Dataset extract
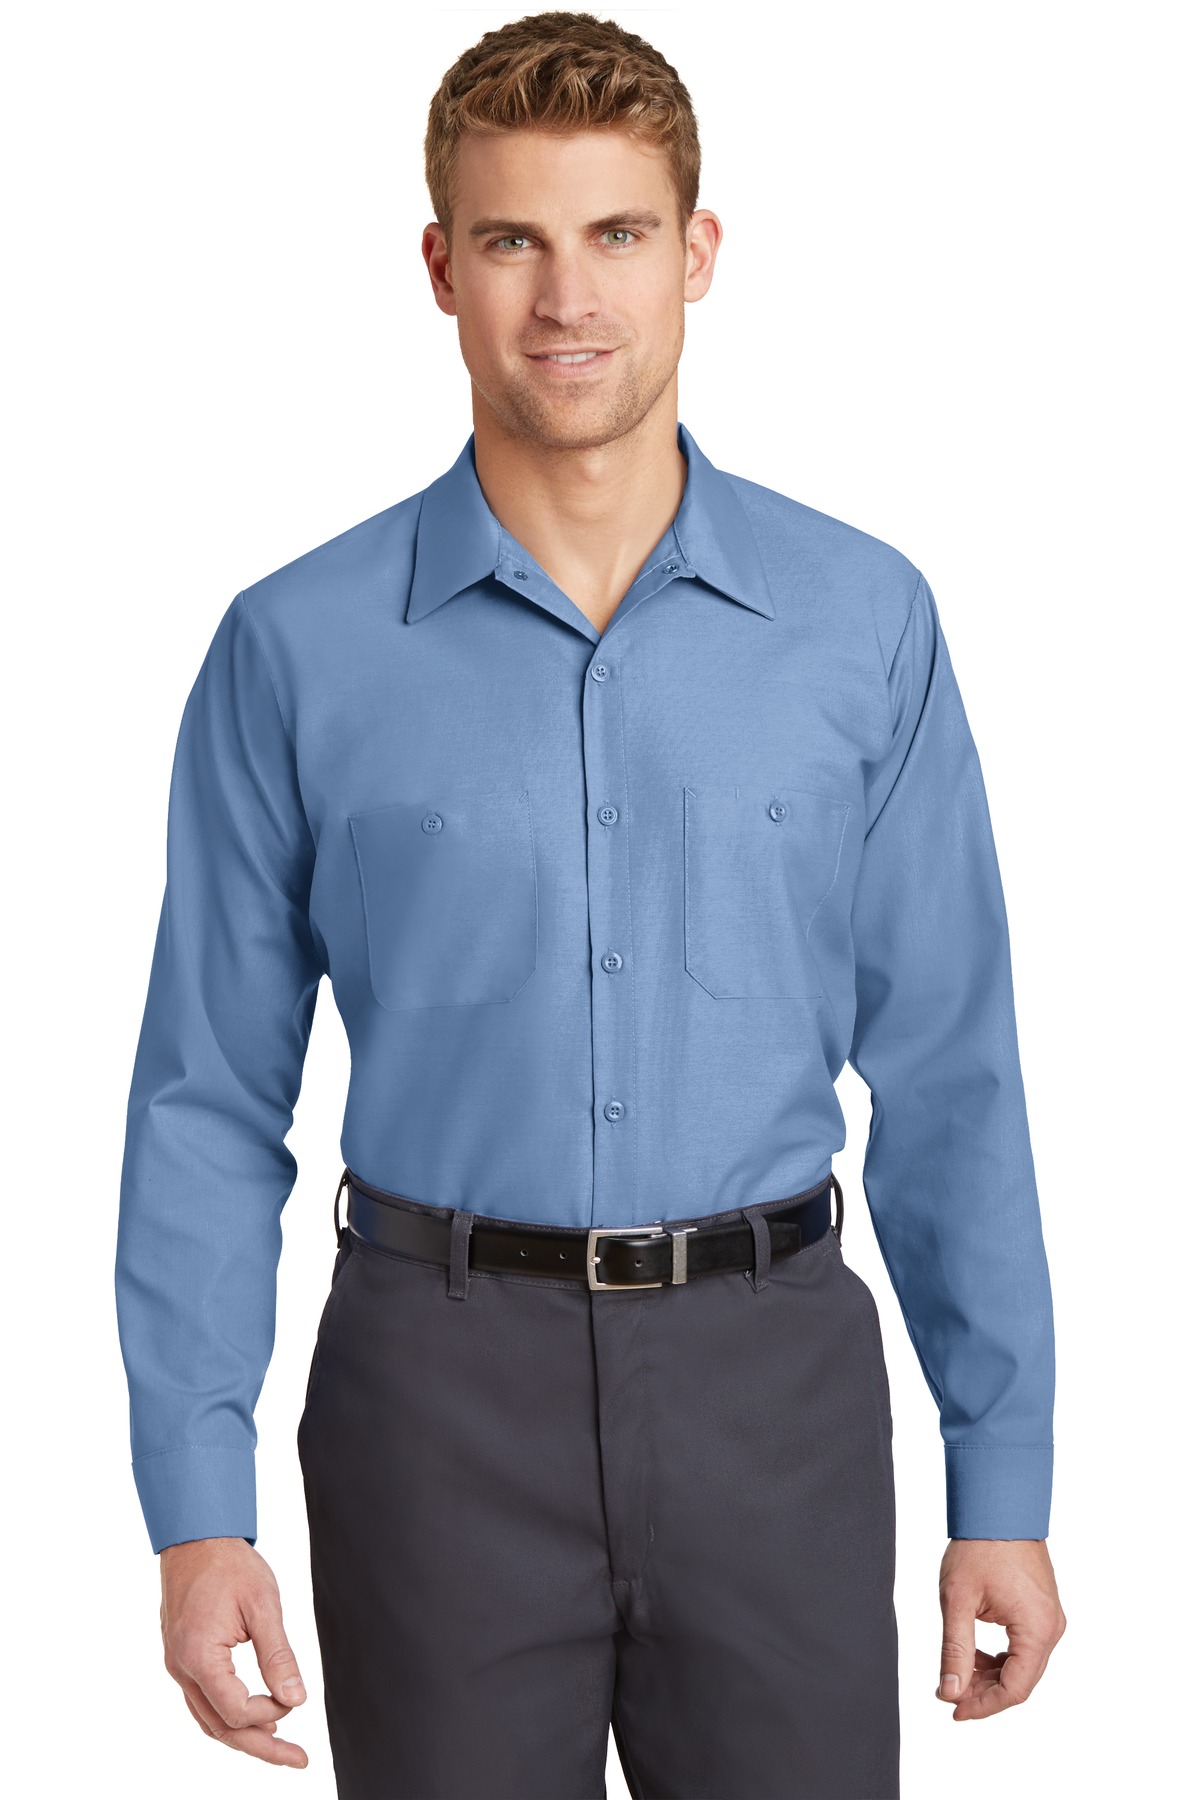 SP14 Industrial Long Sleeve Work Shirt
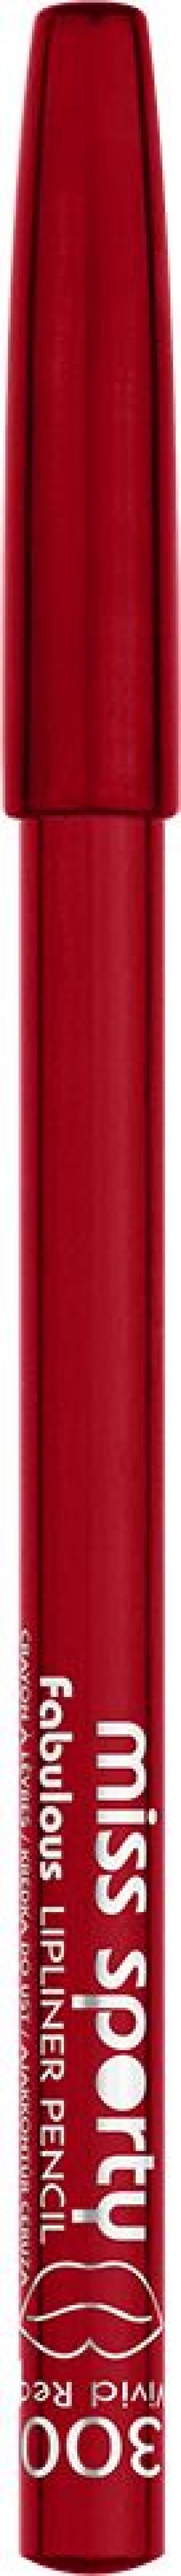 Miss Sporty Fabulous Lipliner Pencil konturówka do ust 300 Vivid Red 4ml 1
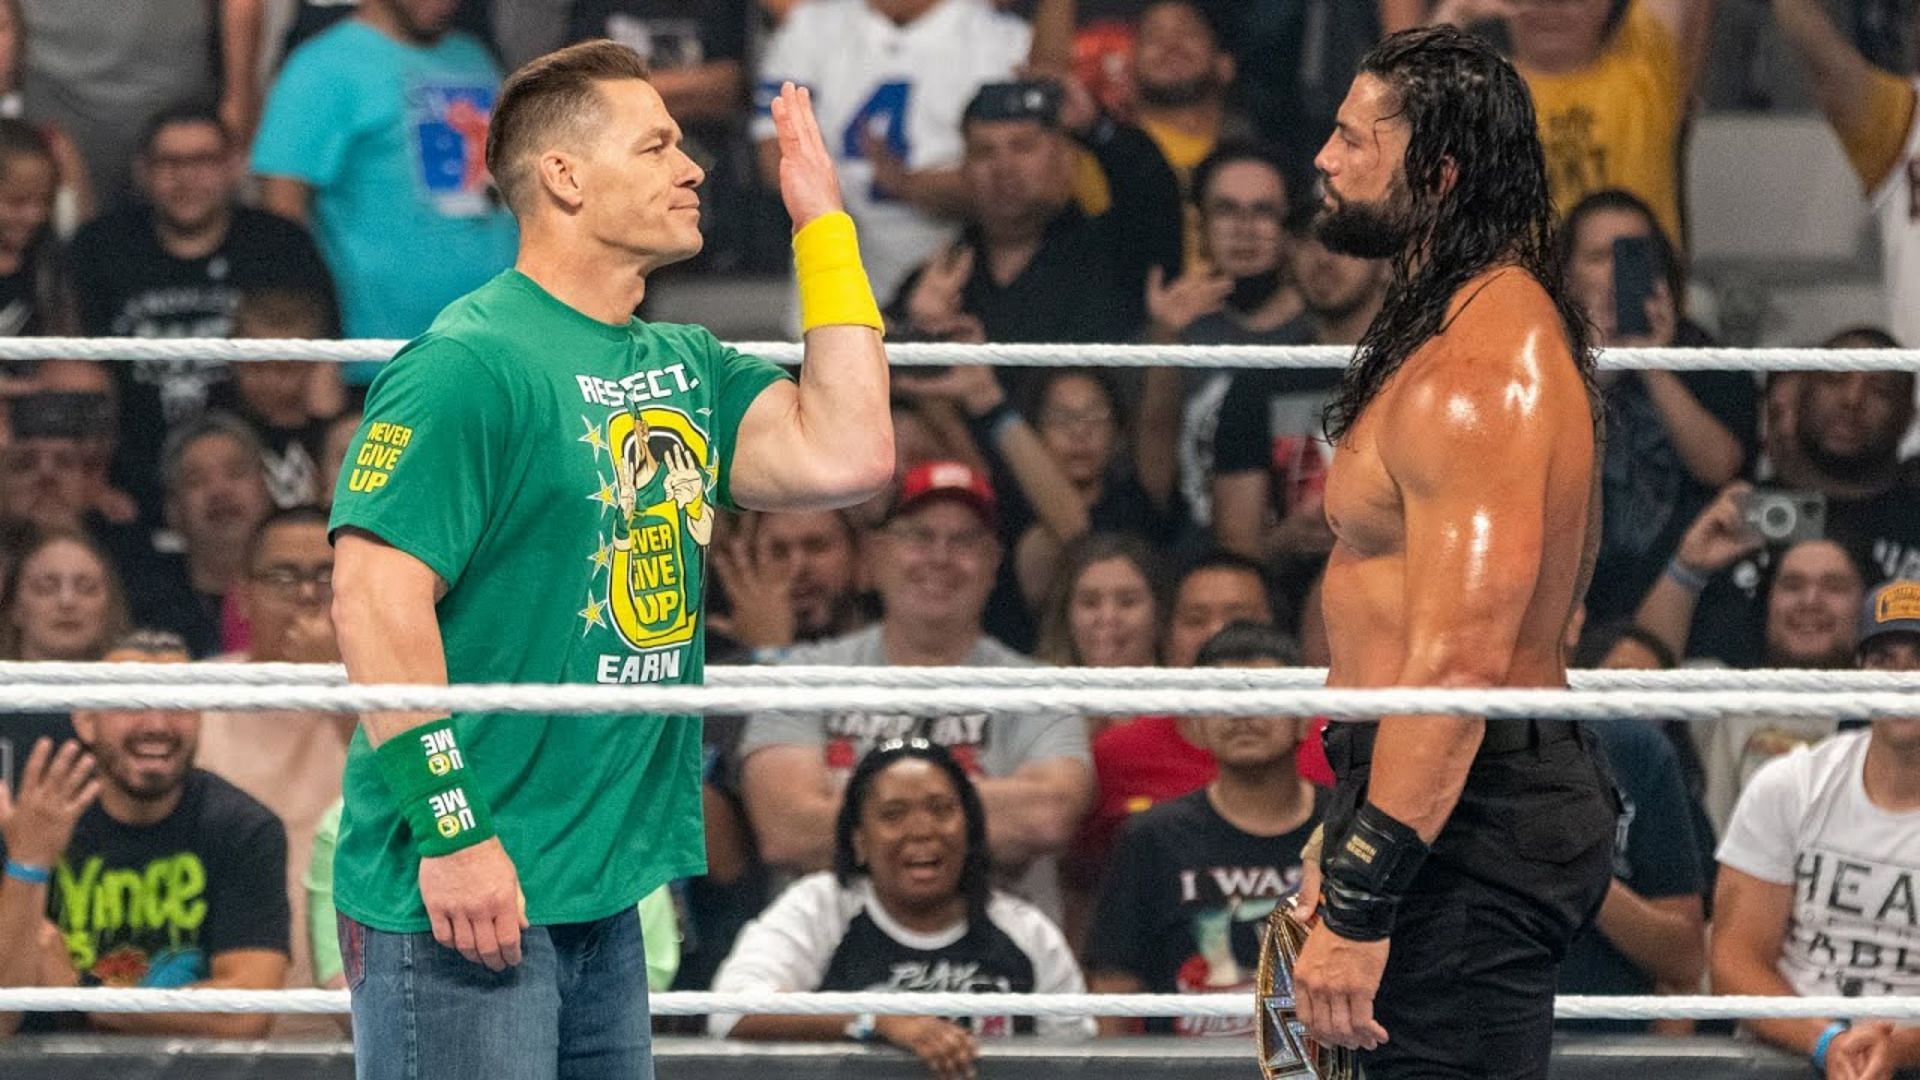 John Cena praises the Undisputed WWE Universal Champion Roman Reigns

Prompt
What you return should be the whole listing, word for word, without its pictures.

Result of this task
 SP14 Industrial Long Sleeve Work Shirt
 Miss Sporty Fabulous Lipliner Pencil konturówka do ust 300 Vivid Red 4ml 1
 John Cena praises the Undisputed WWE Universal Champion Roman Reigns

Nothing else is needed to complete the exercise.